EXERCISE DATA
····················

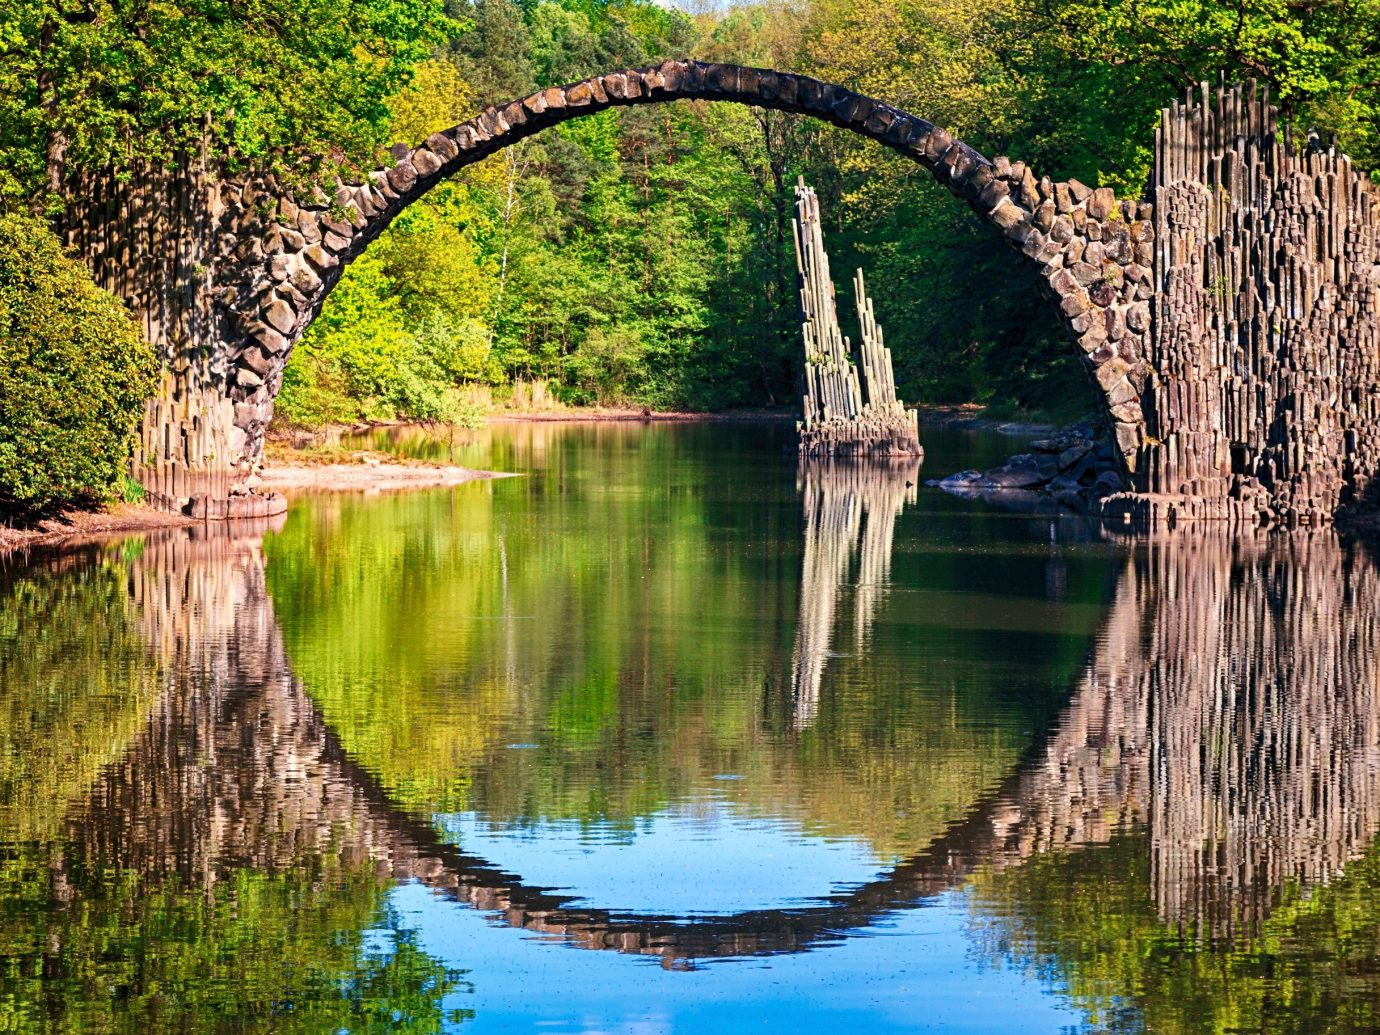 Trip Ideas tree outdoor grass water reflection River body of water bridge Lake woody plant flower pond Nature waterway autumn surrounded wetland stream park way arch wooded
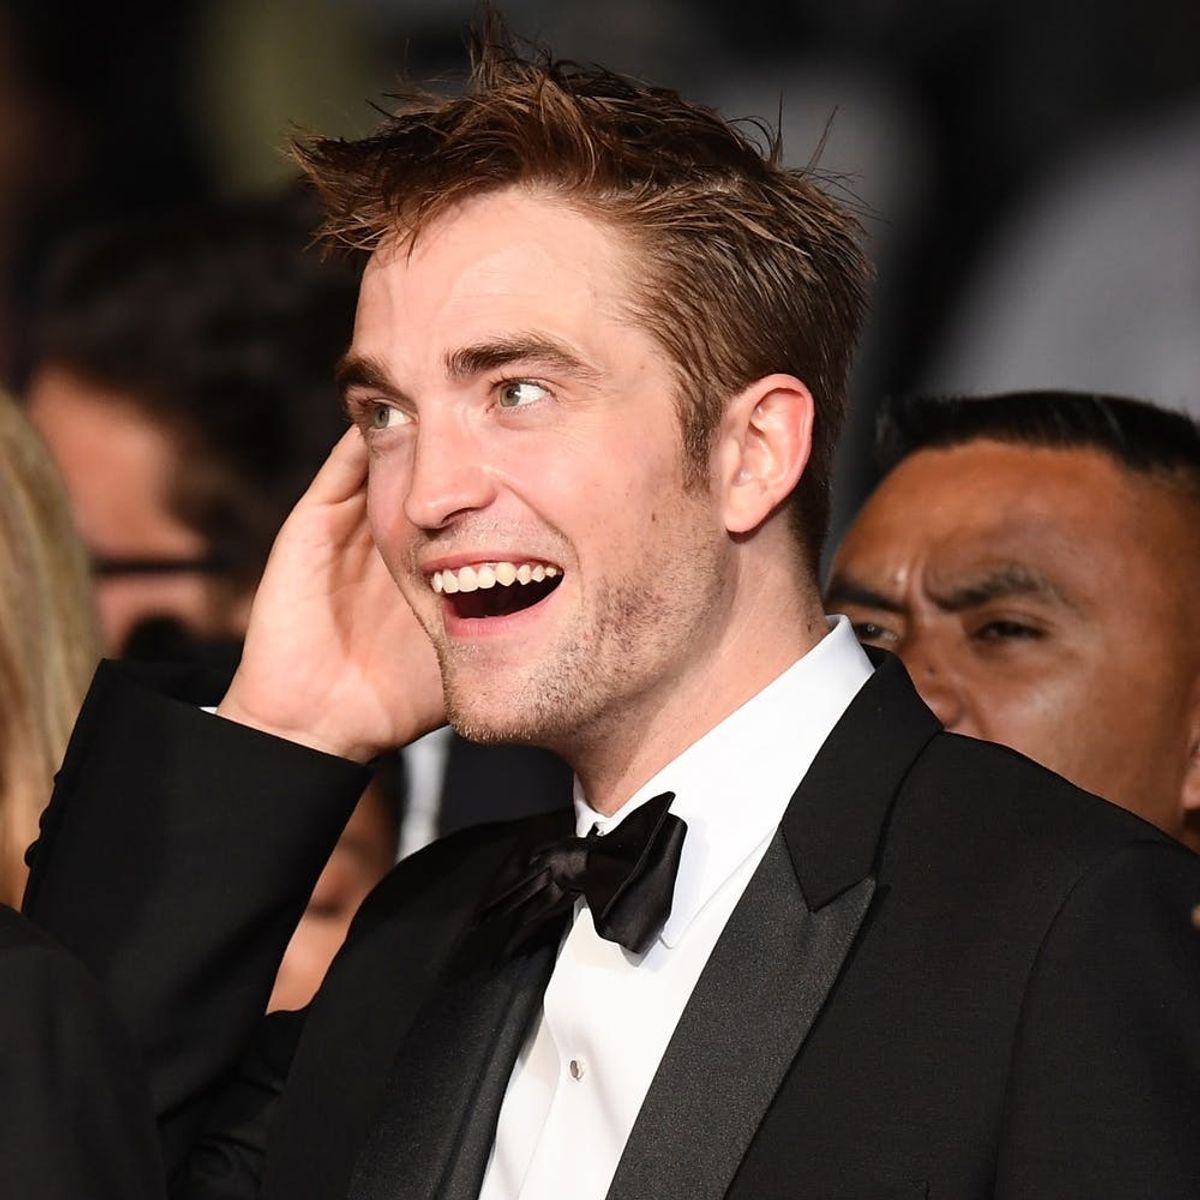 Robert Pattinson Spills the Beans on Why He Was Almost Fired from Twilight
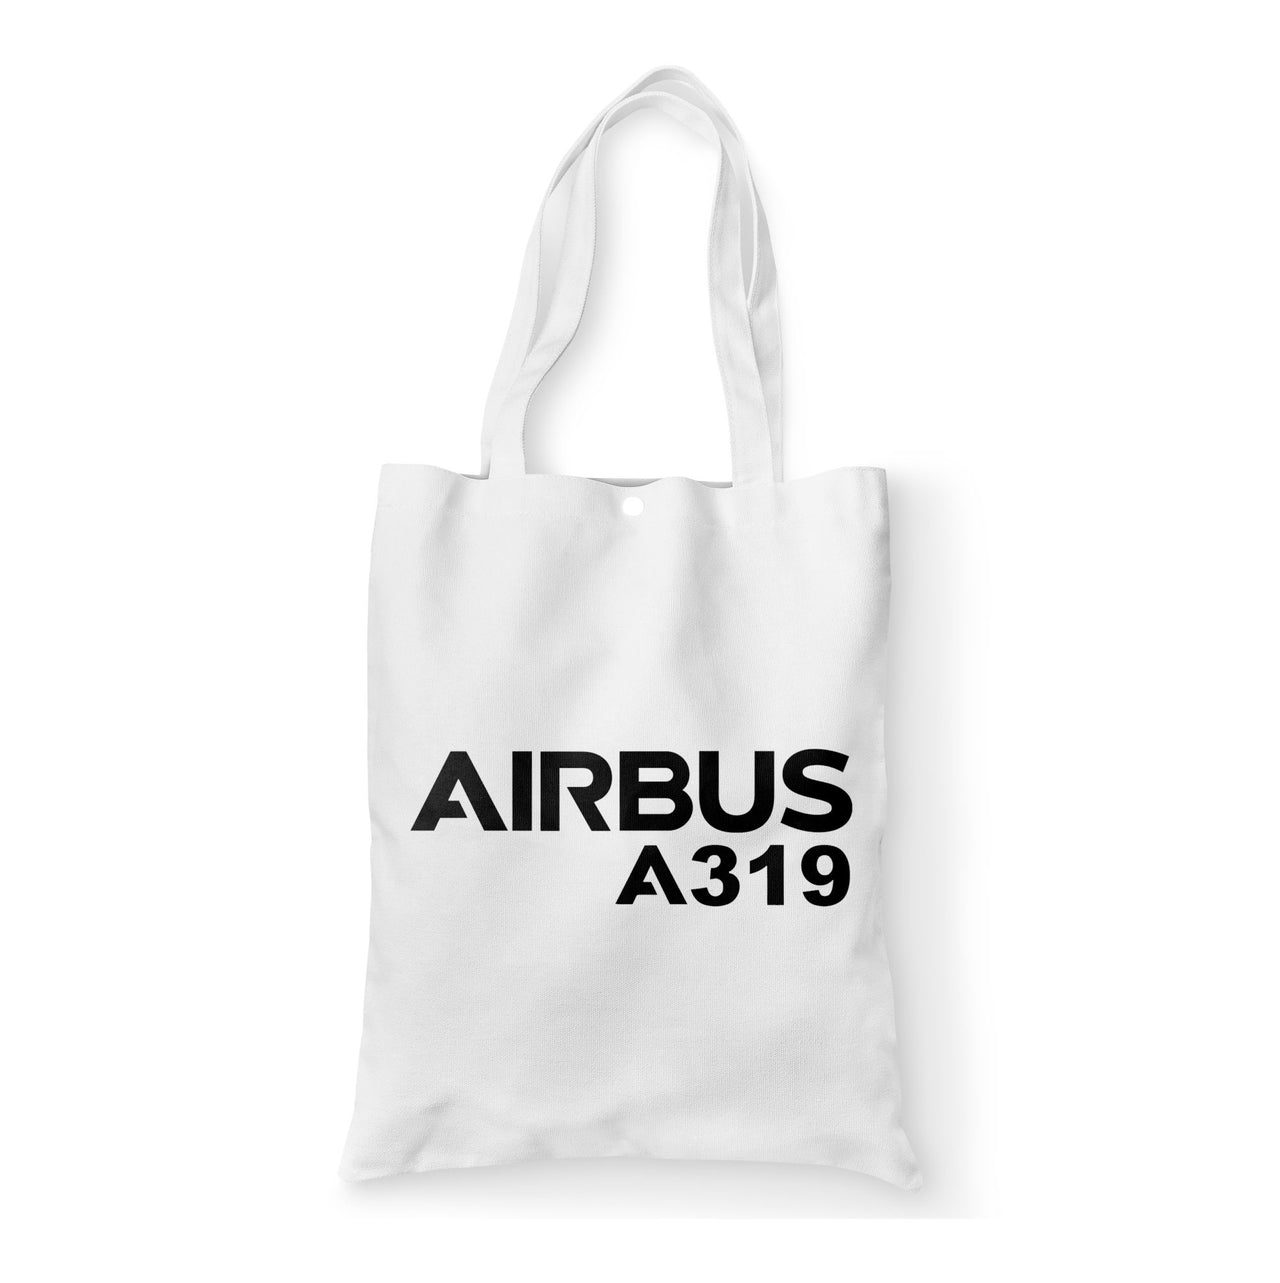 Airbus A319 & Text Designed Tote Bags
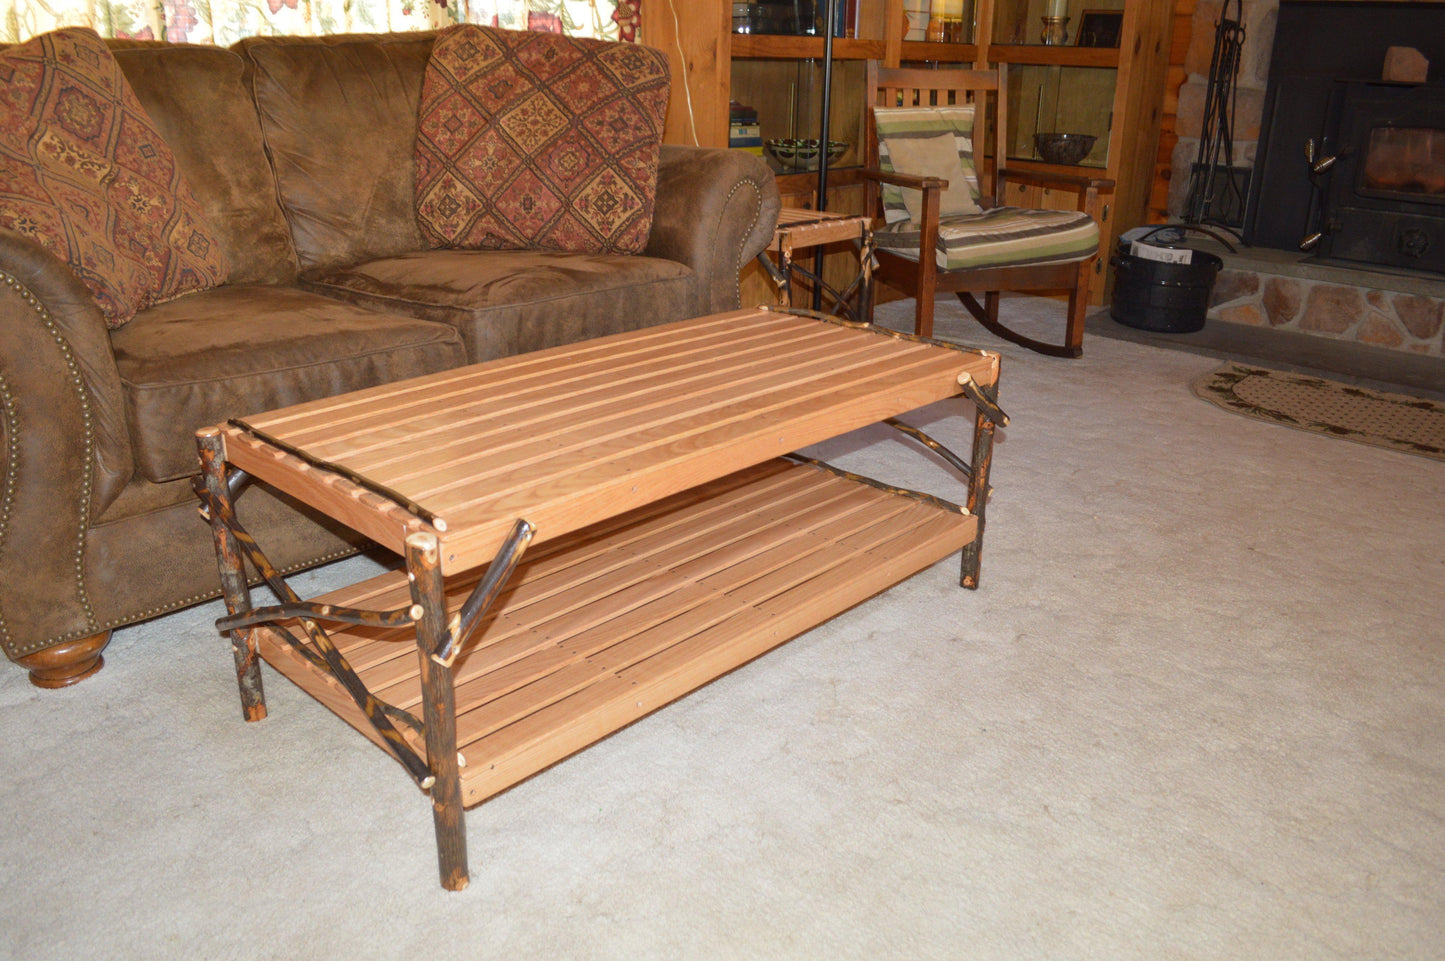 A&L Furniture Co. Amish Hickory Coffee Table with Shelf - LEAD TIME TO SHIP 4 WEEKS OR LESS

····················

TASK OBJECTIVE
Copy the preceding data in full and word for word, dropping its pictures.

ANSWER TO THE PROBLEM
 Trip Ideas tree outdoor grass water reflection River body of water bridge Lake woody plant flower pond Nature waterway autumn surrounded wetland stream park way arch wooded
 Robert Pattinson Spills the Beans on Why He Was Almost Fired from Twilight
 Airbus A319 & Text Designed Tote Bags
 A&L Furniture Co. Amish Hickory Coffee Table with Shelf - LEAD TIME TO SHIP 4 WEEKS OR LESS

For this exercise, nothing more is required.